Text: Erika Hofbauer
HACCP und GHP sind die wichtigsten Buchstabenkombinationen in Sachen Küchenhygiene. Die Anforderungen sind in diesen gesetzlichen Vorgabekatalogen klar geregelt. Dennoch möchten die Dienstleister und Betriebsmittel-Lieferanten aus der „chemischen Ecke“ diese Vorschriften noch darüber hinaus erfüllen. „Unsere Erfahrung zeigt, dass fest etablierte Hygieneprozesse in Kombination mit einem Eigenkontrollsystem nach HACCP & GHP am besten funktionieren“, meint beispielsweise Andreas Marksteiner, Abteilungsleiter der hollu Anwendungstechnik. Basis dafür sind, so Marksteiner, sieben wichtige Grundsätze: Risiken ermitteln, Kontrollpunkte etablieren, Grenzwerte bestimmen, Werte regelmäßig überprüfen, sinnvolle Korrekturmaßnahmen setzen, Eigenkontrolle und genaue Dokumentation. „Entscheidend ist, dass alle Maßnahmen exakt auf den Betrieb angepasst werden. Die Erstellung eines individuellen Hygienekonzeptes bedeutet zwar einen einmaligen Mehraufwand – dafür profitiert man nachhaltig von hoher Hygienesicherheit. Kontinuierliche Personalschulungen sorgen für die Einhaltung der Hygienemaßnahmen und sichern die hohen Standards“, ist Marksteiner überzeugt.

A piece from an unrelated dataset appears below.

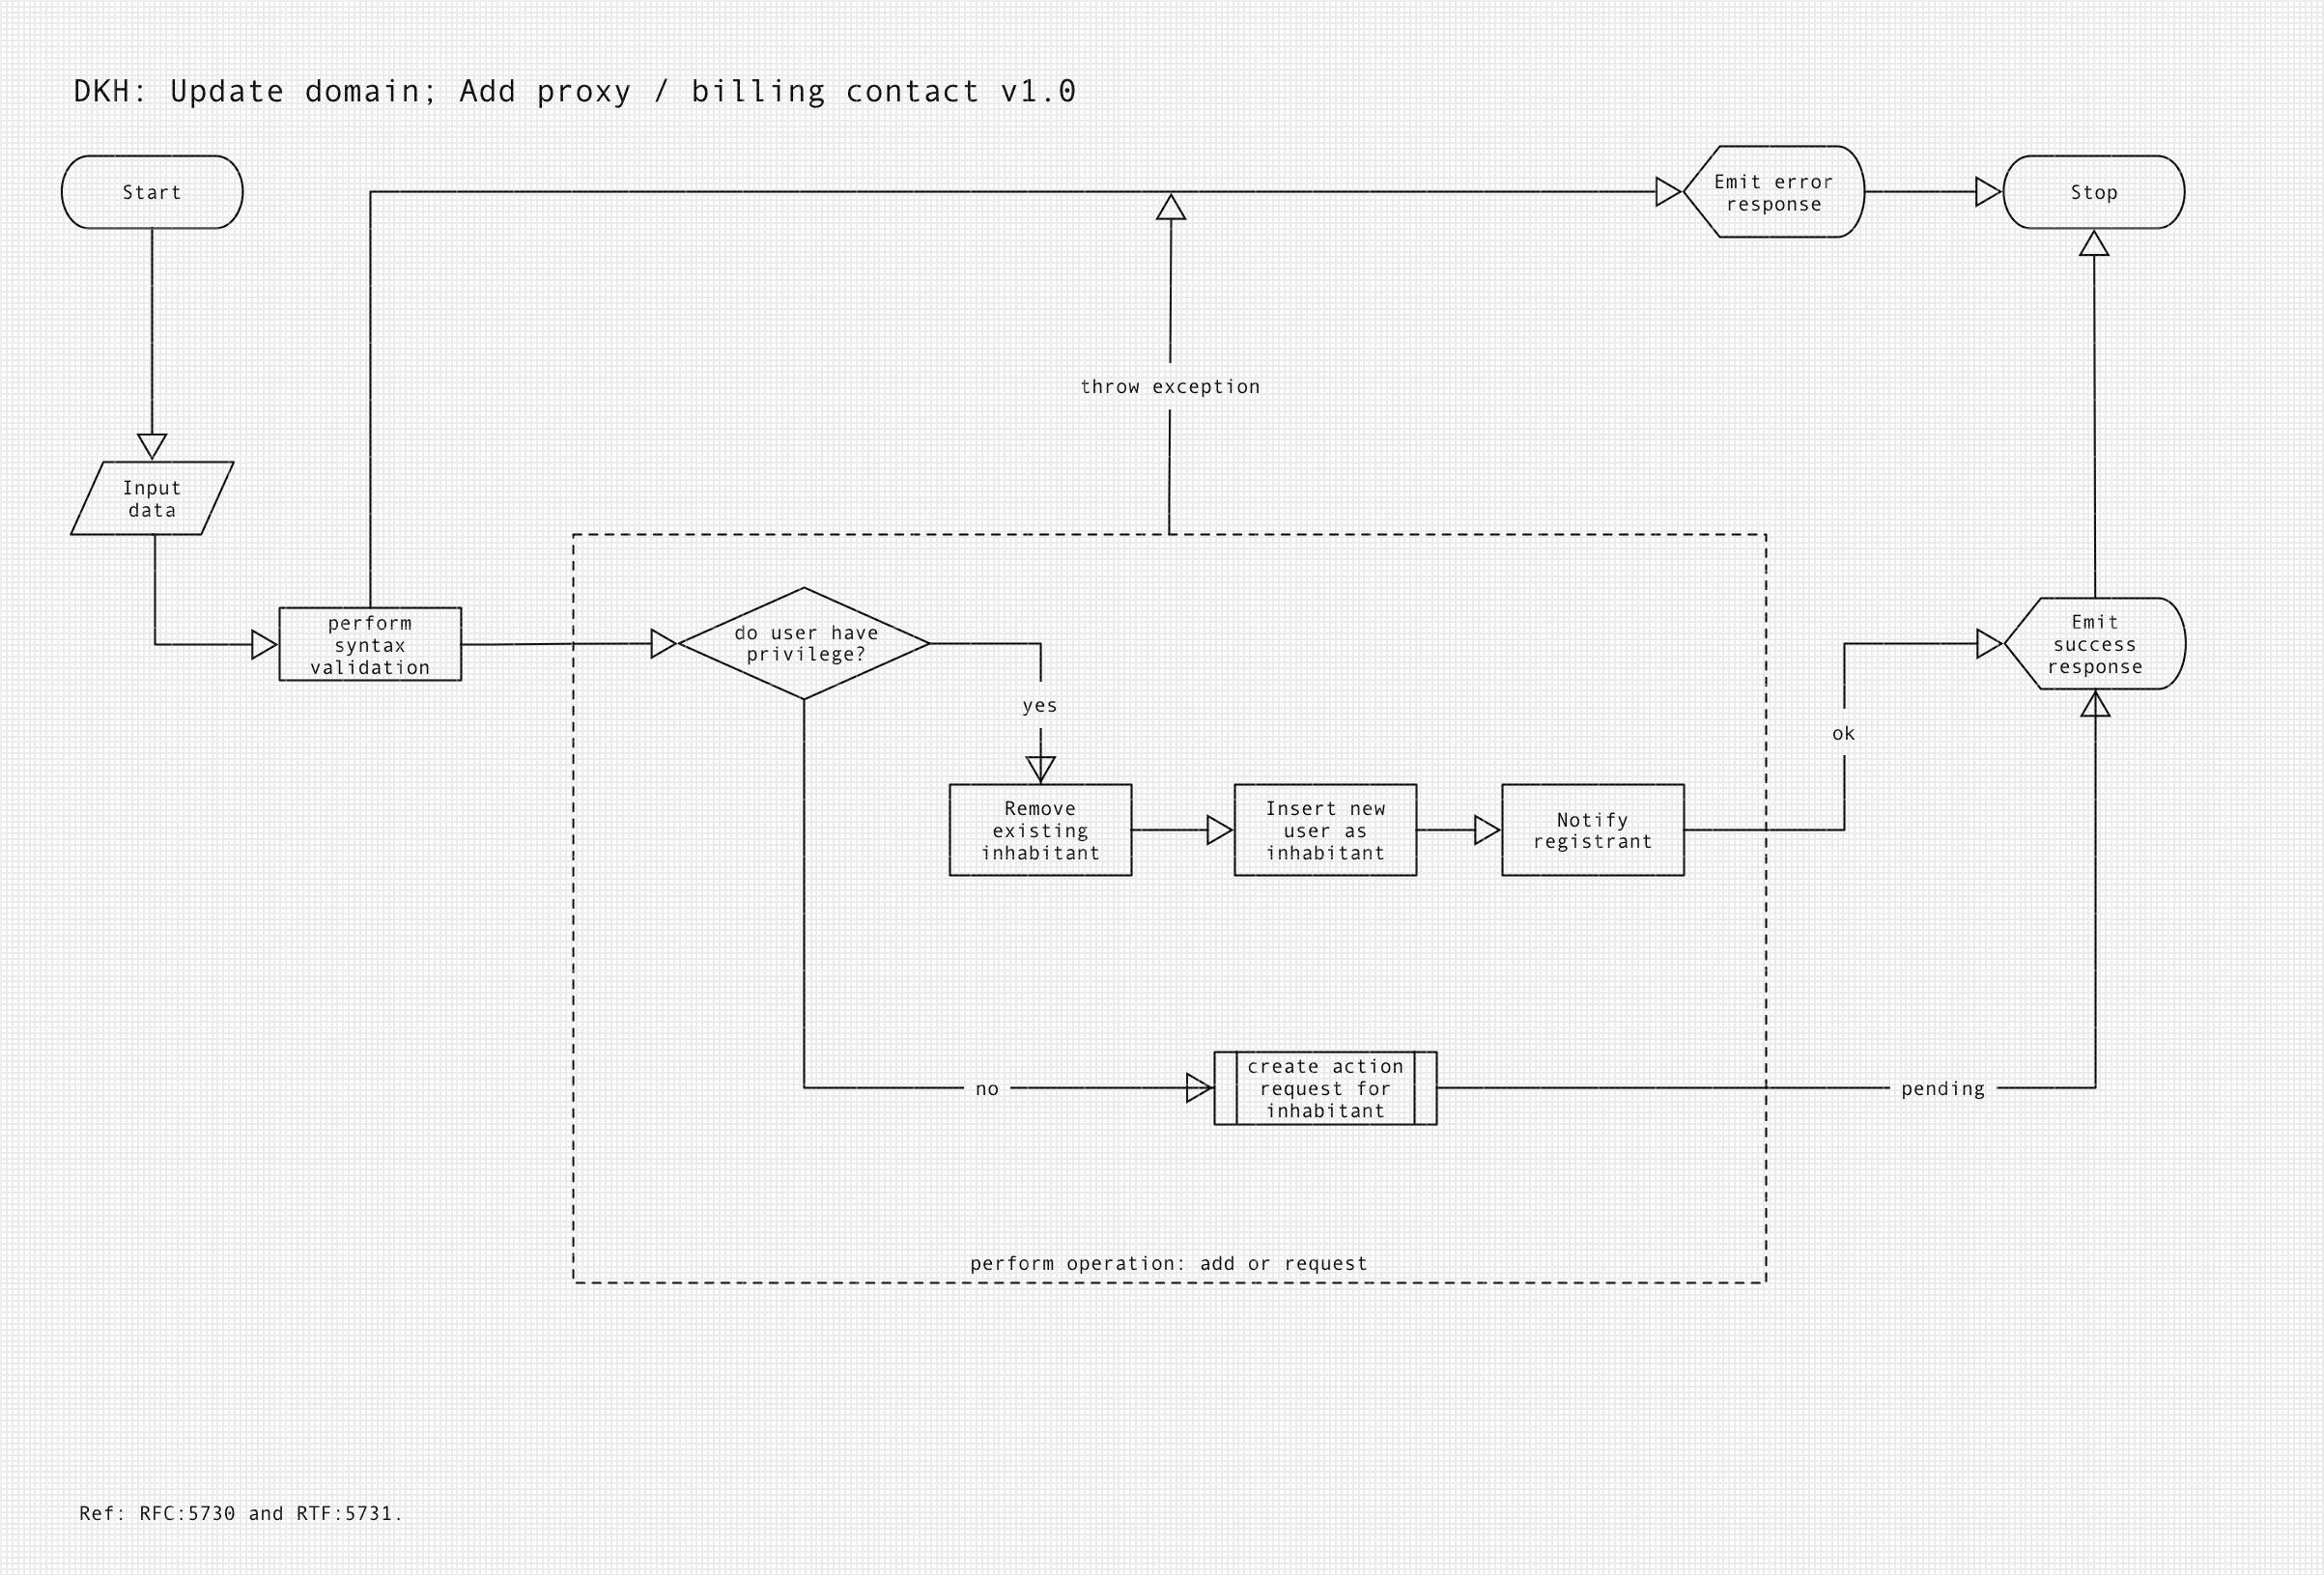 Update domain - Add billing/admin contact sub-process

Für Matthias Juranek, Produktmanager Großküchenhygiene von DR.SCHNELL, bilden das Fundament einer guten Küchenhygiene zunächst die baulichen Voraussetzungen zur Trennung von reinen und unreinen Prozessen, geeignete und leicht zu reinigende Oberflächen, gewartete und gute Küchenarbeitsgeräte, ein gutes Abfallmanagement, die passende Schädlingsprävention und -bekämpfung sowie saubere und gesunde Raumluft: „Darauf bauen die drei Säulen der hygienischen Lebensmittelproduktion in der Küche auf: die einwandfreie Personalhygiene, also Händehygiene und Hygieneschulungen der Mitarbeiter, eine einfach durchzuführende Produktionshygiene durch die Erstellung von Reinigungs- und Desinfektionsplänen und -intervallen sowie die richtige Geschirraufbereitung und schließlich die Produkthygiene“. Freilich gehe für ihn als „Chemielieferant“ Küchenhygiene über die passende Chemie hinaus: „Wir sehen uns als Systemlieferant und unsere Aufgabe darin, unseren Kunden eine ganzheitliche Vorstellung von Küchenhygiene zu vermitteln und anzubieten. Deswegen schulen wir die Mitarbeiter der Kunden zu Gefahrstoffen und Hygiene in der Großküche und unterstützen auf Wunsch die individuelle Eigenkontrolle mit maßgeschneiderten Hygiene-Konzepten nach HACCP inklusive digitalen Tools, um die kritischen Kontrollpunkte analysieren und managen zu können.“
Richtige Reinigungstechnik
Prinzipiell sind neue Küchen alle recht ähnlich gebaut, da sie den gesetzlichen Anforderungen entsprechen müssen. Dennoch gibt es immer wieder feine, aber signifikante Unterschiede, meint dazu Manuel Habicher, Geschäftsführer der Werner & Mertz Professional Vertriebs GmbH: „Bei älteren Küchen sind die Standards oft sehr unterschiedlich. Aber in beiden Fällen gilt es, die Gegebenheiten vor Ort zu prüfen. Dadurch können wir ermitteln, welche Reinigungsmittel und insbesondere welche Reinigungstechniken angewendet werden können. Das ist dann unsere Ausgangslage für ein persönliches Gespräch mit dem Kunden, denn schlussendlich muss ein Reinigungskonzept auf die Bedürfnisse des Kunden angepasst sein. Hier gilt es, wirtschaftliche Themen wie z.B. Zeit- und Energieeinsparungspotenziale, Dosiermöglichkeiten etc., aber auch Themen wie Arbeitnehmersicherheit, Lebensmittelsicherheit und Mitarbeiterschulungen anzusprechen.“ Ein zentraler Punkt in jeder Küche ist, so Habicher, die Geschirrspülmaschine: „Hier muss das Waschergebnis stimmen, sonst läuft nichts mehr rund. Aber auch im Bereich Gesamtkosten ist der Geschirrspüler ein wesentlicher Faktor. Uns ist die richtige Dosierung wichtig. Neben den ökologischen Produkten, der Einsparung und Recyclingfähigkeit von Kunststoff ist ein Minderverbrauch ein weiterer ökologischer Faktor.“ Mit den Kliks Bag-in-Box Systemen konnte beispielsweise das erste professionelle Cradle to Cradle®-zertifizierte Sortiment für das maschinelle Geschirrspülen auf den Markt gebracht werden, erzählt Habicher weiter.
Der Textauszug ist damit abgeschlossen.